"I said, 'Okay, if it's my time, let's just get it over with,'" says Bonnie Lambert, 58, of Biloxi, Miss., one of many to share their stories from what's being called one of the country's worst natural disasters.
"It started around 5 a.m.," Lambert adds. "My little Pomeranian, Sugar, went into this closet in the center of my house, and I went in there with her. But then the water started sloshing up underneath me, and I got up. My refrigerator started floating over to my cooktop. Then the waves came up and my house started floating. I was terrified."
Another Biloxi resident, George Griffith, 42, said he "was upstairs watching TV" when "the wind started howling." He ended up in the upstairs bathtub once the waters reached 8 ft. in his downstairs laundry room, only to "lay there a few hours, and then the walls were knocked down on three sides of the house. After the walls left, it was time to go."

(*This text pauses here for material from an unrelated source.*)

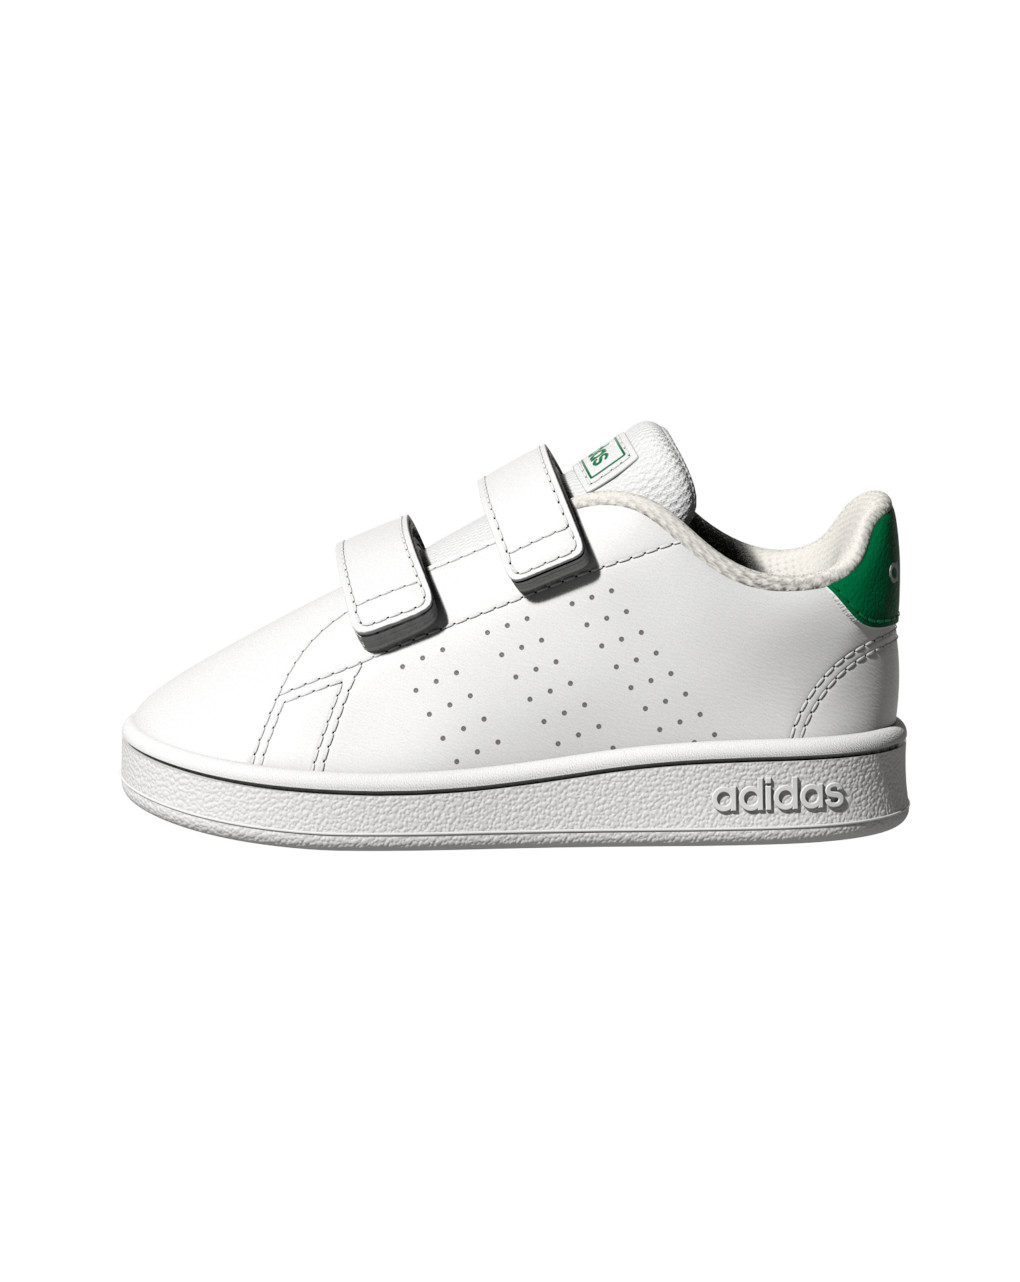 Advantage i - Adidas

A levee gives way to high water in New Orleans.
Marc Serota / Reuters
Meanwhile, Betty Vonderhaar, 70, decided not to evacuate and instead huddled with her son Mike, 41, and grandson Matthew, 13, inside her low-slung home in uptown New Orleans. As the storm worsened, she discovered that a grate on the roof was wide open, allowing water and wind to stream into the house.
"And then things just got worse and worse," she tells PEOPLE. "The winds got stronger and stronger. The walls shook. I mean the whole house was shaking. ... And then it was over. It was so quiet. It felt like Twilight Zone quiet."